Parallelizing step3

[matbesancon]

We're using Hungarian.jl in the https://github.com/ZIB-IOL/FrankWolfe.jl package to solve LPs over the Birkhoff polytope.

It scales well in terms of memory footprint but badly in terms of time, mostly because of step3!, where most of the time seems to be spent in this block:

    @inbounds for j in colUncoveredIdx, i in rowUncoveredIdx
        cost = costMat[i, j] + Δcol[j] + Δrow[i]
        if cost <= h
            if cost != h
                h = cost
                empty!(minLocations)
            end
            push!(minLocations, (i, j))
        end
    end

this would be non-trivial to parallelize because of the shared bound h and array minLocations but could be worth it.

[Gnimuc]

It scales well in terms of memory footprint but badly in terms of time, mostly because of step3!, where most of the time seems to be spent in this block:

I think the hot-pot depends on the problem size. Yes, for small matrices, step3 is the bottleneck, but I'm not sure how much performance gain we can benefit from multi-threading.

[Gnimuc]

Looks like I tried something similar years ago:

Hungarian.jl/src/Munkres.jl

Line 343 in a60d303

@threads for j in colUncoveredIdx

[matbesancon]

Do you get other crititcal points when matrix sizes grow larger? This was for a 1000x1000 dense matrix

[Gnimuc]

Hungarian.jl/src/Munkres.jl

Lines 91 to 108 in fe5c402

	for ii in CartesianIndices(size(costMat))
	# "consider a zero Z of the matrix;"
	r, c = ii.I
	cost = costMat[r, c] + Δrow[r] + Δcol[c]
	if cost == 0
	Zs[r, c] = Z
	# "if there is no starred zero in its row and none in its column, star Z.
	# repeat, considering each zero in the matrix in turn;"
	if !colSTAR[c] && !rowSTAR[r]
	Zs[r, c] = STAR
	rowSTAR[r] = true
	colSTAR[c] = true
	row2colSTAR[r] = c
	# "then cover every column containing a starred zero."
	colCovered[c] = true
	end
	end
	end

This marking step is critical for large matrices like 4000x4000 or 8000x8000. You can find some benchmark reports in #15.

[Gnimuc]

What's the problem size of your use case?

[matbesancon]

the problem go up to npixels * npixels for image problems so as big as you want, 150528 * 150528 in some cases but we couldn't run Hungarian.jl for these sizes

[Gnimuc]

That's really large. Hungarian is an O(n^3) algorithm and may not suite for this kinda problem.

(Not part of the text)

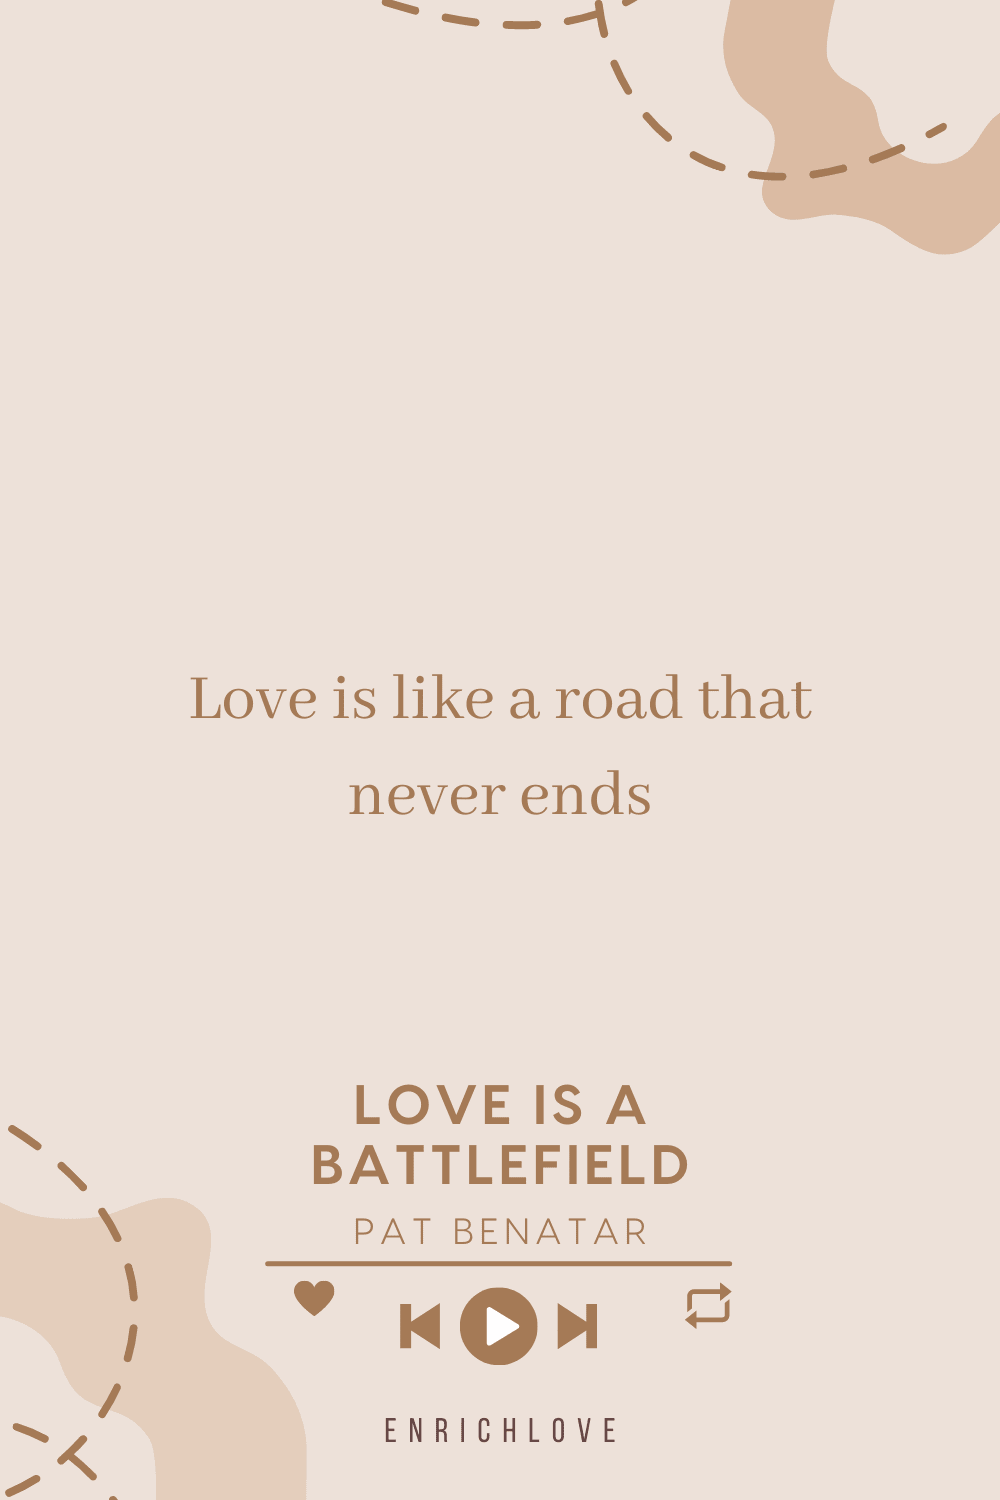 Love is like a road that never ends

Would you like to make a PR with above-mentioned multi-threading support? I'm happy to merge if the benchmark reports are green.

BTW, this is released under public domain, so you could also make the code tailored to your use case and embed it in your package.

[matbesancon]

That's really large. Hungarian is an O(n^3) algorithm and may not suite for this kinda problem.

Yes this is the kind of extreme limit we'd like to solve, it's okay to have the method work for smaller sizes of course.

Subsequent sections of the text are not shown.